TASK PROMPT
From the listing below, copy only the lines from the line that contains "behringer ultragain pro mic2200 manual" to the line that contains "Vintage house plans", counting those two lines as part of the copy.

PROVIDED INFORMATION
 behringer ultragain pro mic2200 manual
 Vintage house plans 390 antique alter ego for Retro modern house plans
--
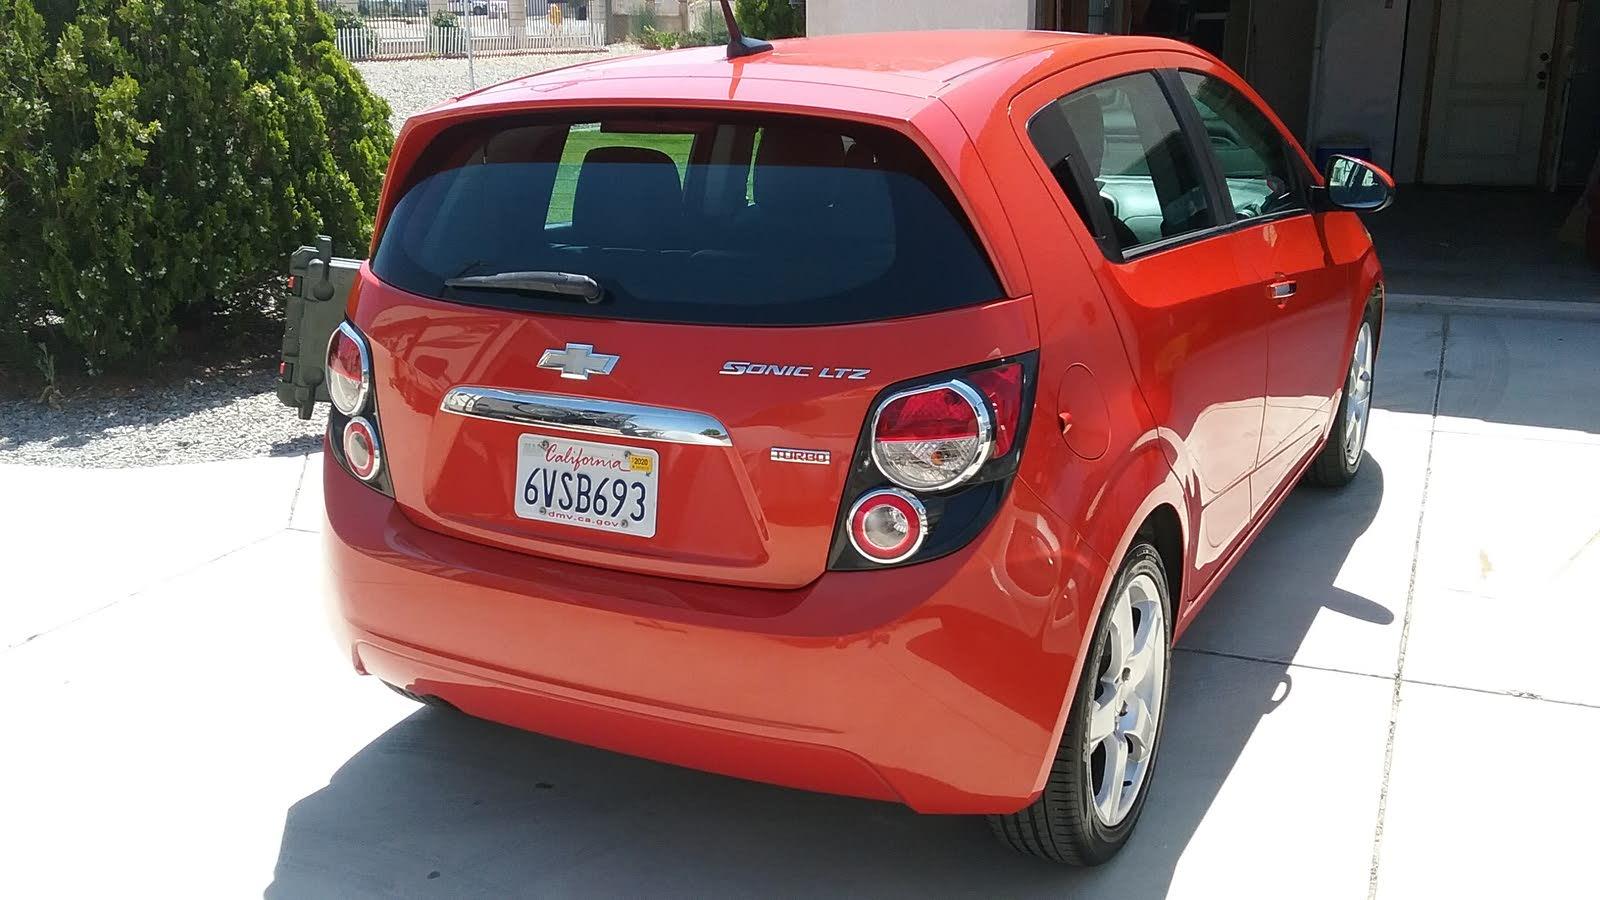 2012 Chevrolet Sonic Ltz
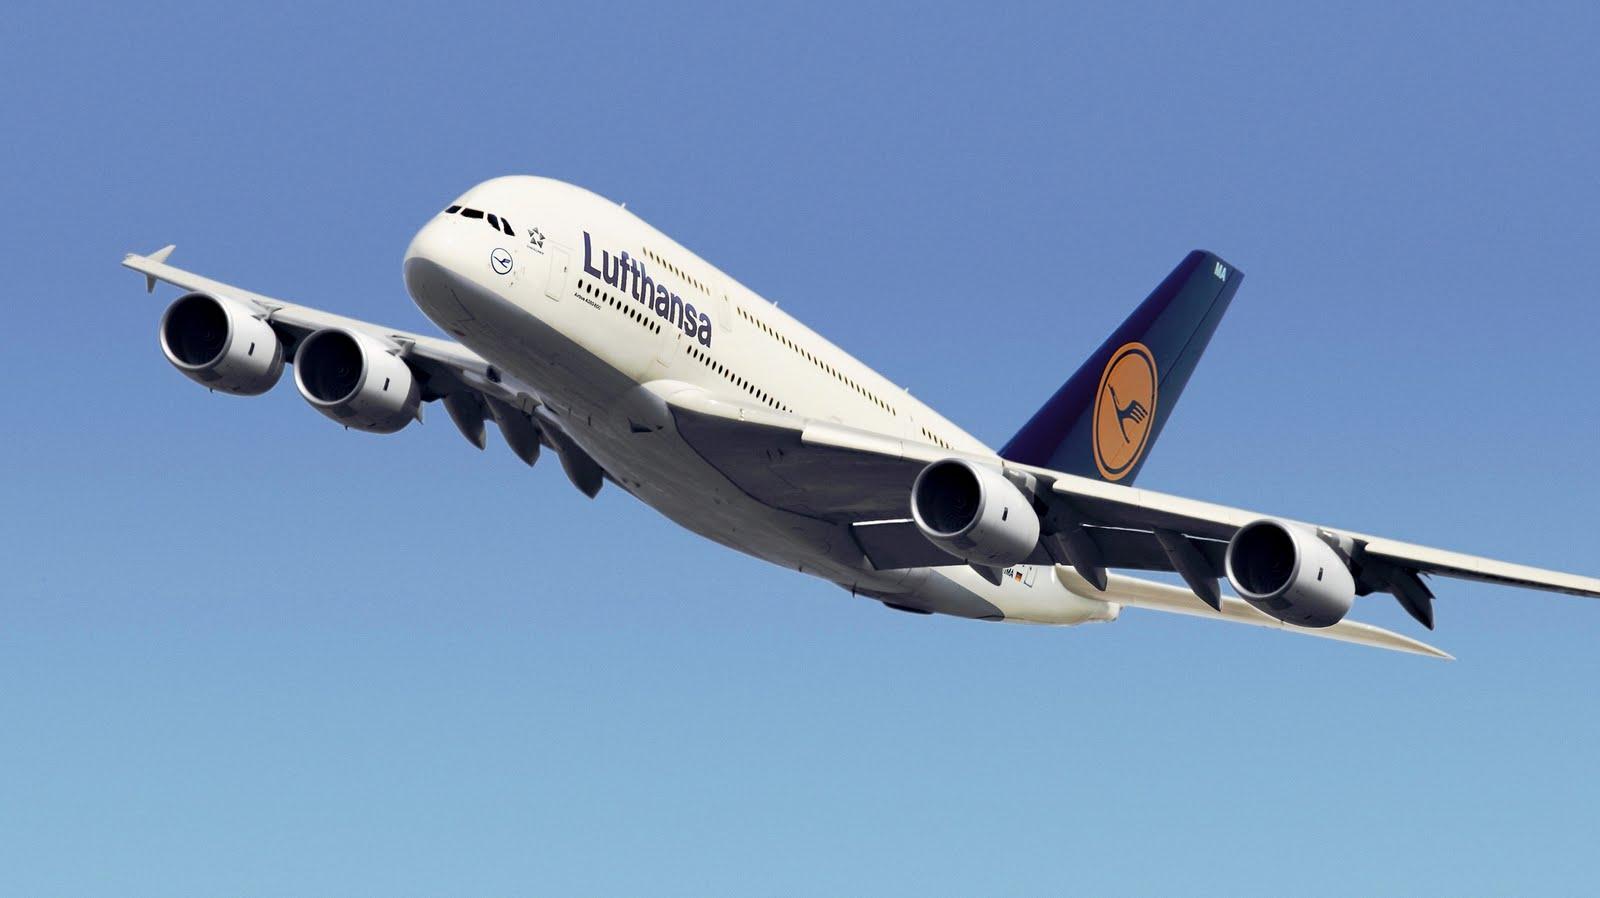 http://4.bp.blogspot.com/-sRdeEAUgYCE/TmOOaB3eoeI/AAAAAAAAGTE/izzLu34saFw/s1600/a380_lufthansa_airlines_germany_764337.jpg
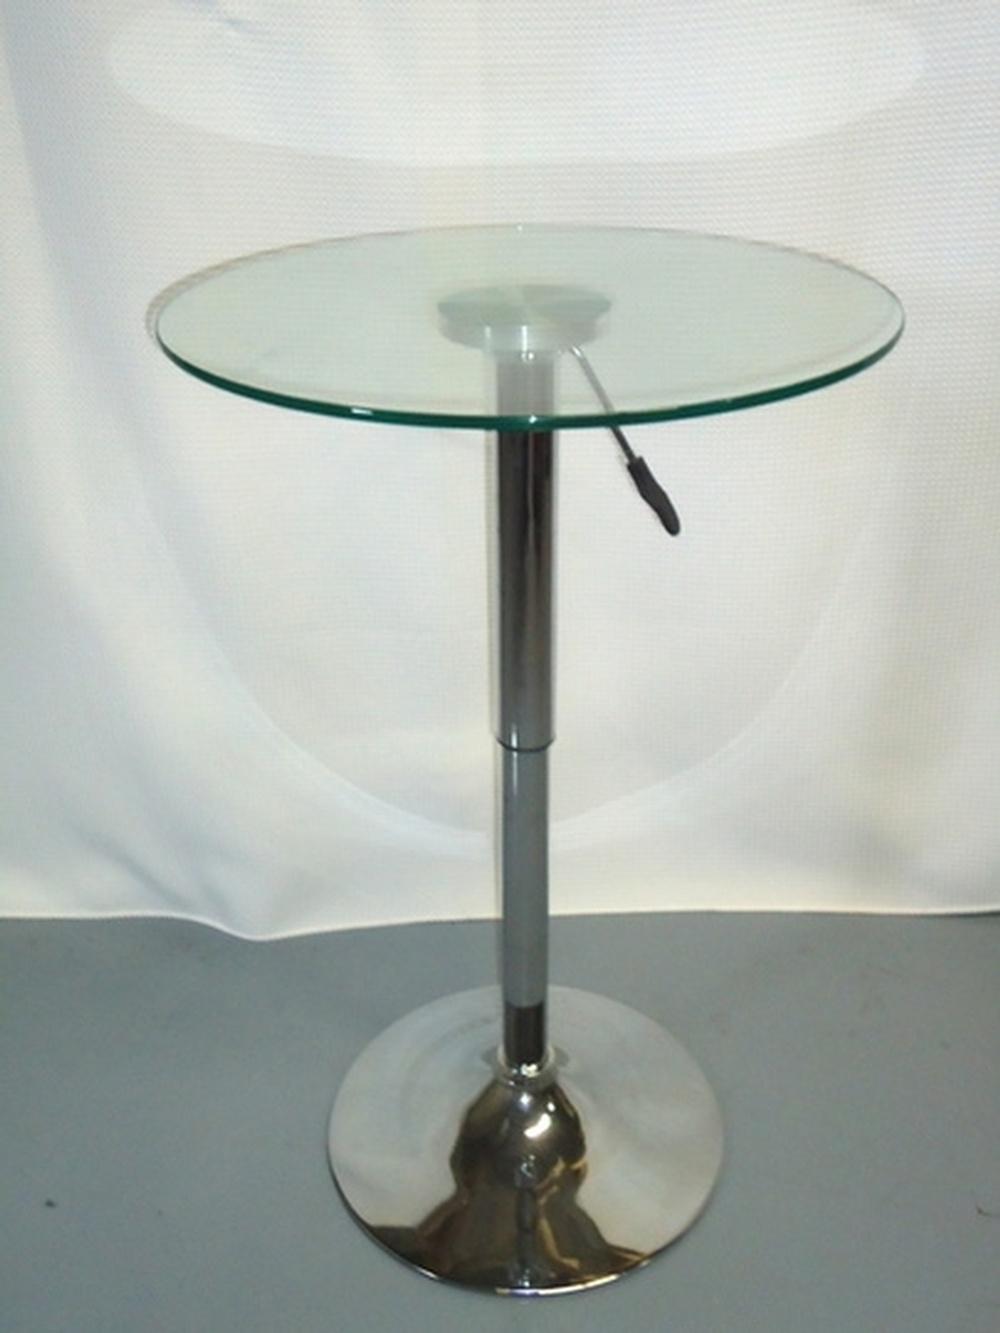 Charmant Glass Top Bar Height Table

PROBLEM SOLUTION
 behringer ultragain pro mic2200 manual
 Vintage house plans 390 antique alter ego for Retro modern house plans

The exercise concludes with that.